2. The process according to claim 1, wherein the metal melt
introduced into the evaporation zone is a melt of Ag, Al, As, Ba,
Bi, Ca, Cd, Cu, Ga, Hg, In, Li, K, Mg, Mn, Na, Pb, Sb, Sn, Sr, Se,
Te, TI or Zn.
3. The process according to claim 1, wherein the temperatures
needed for evaporation and oxidation are provided by a flame which
is formed by ignition of a combustion gas with an oxygenous gas,
where 0.5.ltoreq.lambda.ltoreq.1 in the evaporation zone and
1.ltoreq.lambda.ltoreq.10 in the oxidation zone.
4. The process according to claim 1, wherein the pressure in the
reactor is 200 to 1100 mbar.
5. The process according to claim 1, wherein oxidizable metal
compounds are introduced into the evaporation zone and/or the
oxidation zone in addition to the metal melt.

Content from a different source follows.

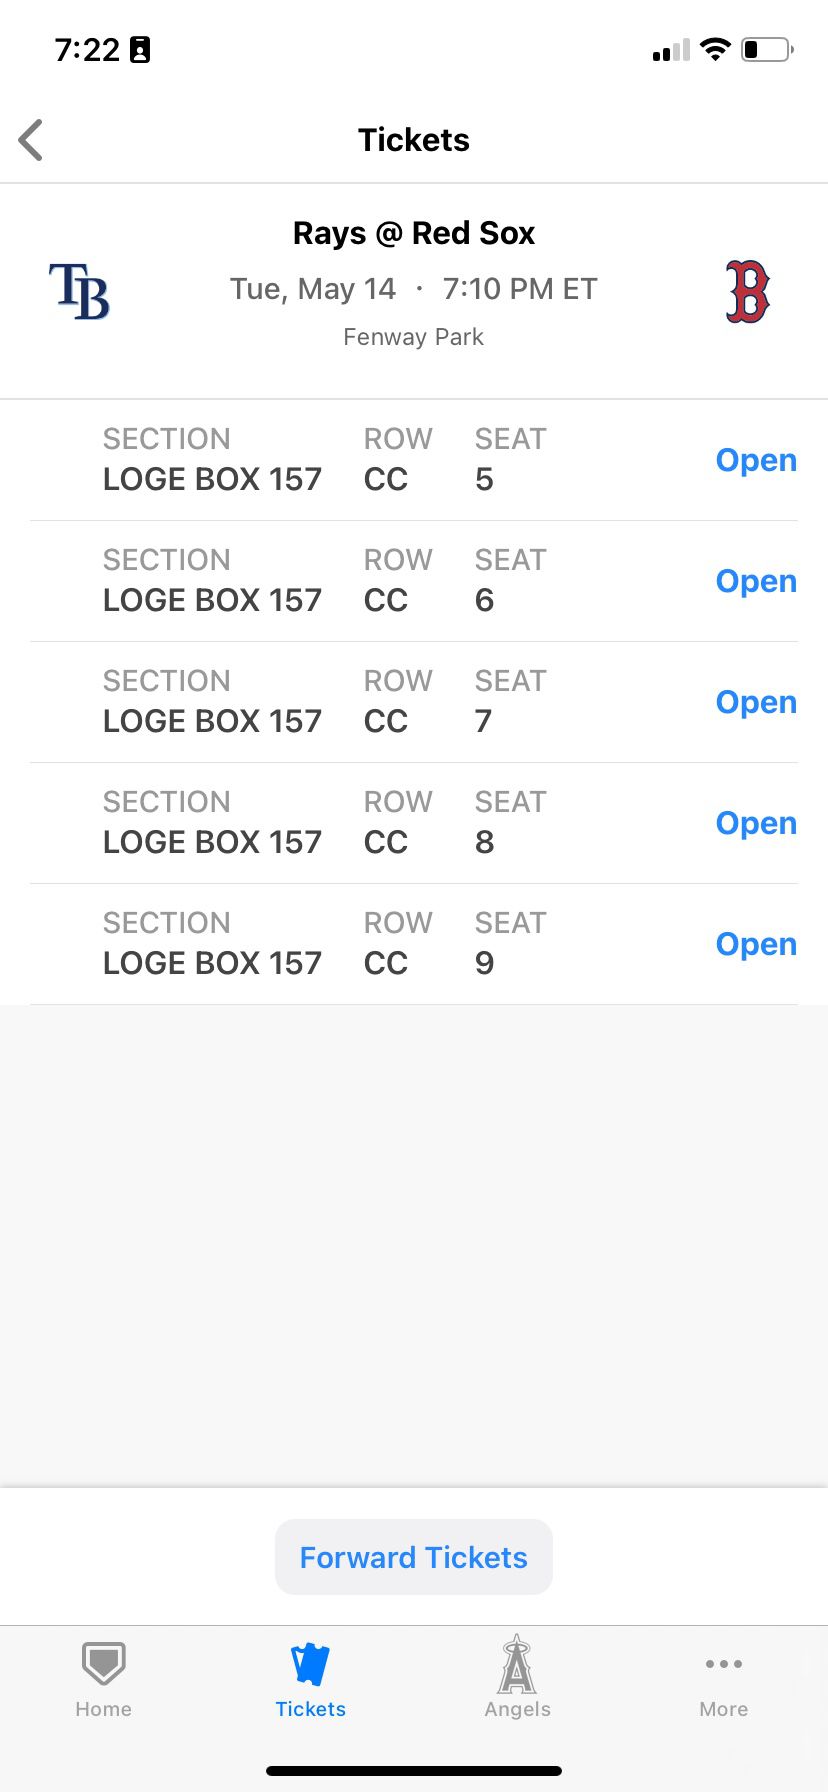 Make An Offer! Boston Red Sox Tickets - Tuesday, May 14

6. The process according to claim 5, wherein the metal compound
used is a chloride, a nitrate, a sulphate, a carbonate, a
C.sub.1-C.sub.12-alkoxide, a C.sub.1-C.sub.12-carboxylate, an
acetylacetonate and/or a carbonyl, with Ag, Al, As, Au, B, Ba, Be,
Bi, Ca, Cd, Ce, Co, Cr, Cs, Cu, Er, Eu, Fe, Ga, Gd, Ge, Hf, In, K,
La, Li, Mg, Mn, Mo, Na, Nb, Nd, Ni, P, Pb, Pd, Pm, Pr, Pt, Rb, Ru,
Sb, Sc, Sm, Sn, Sr, Ta, Th, Ti, Tl, Tm, V, W, Y, Yb, Zn, Zr as the
metal component.
7. The process according to claim 5, wherein the proportion of
metal compounds is not more than 25% by weight, based on the sum of
metal and metal component from a metal compound.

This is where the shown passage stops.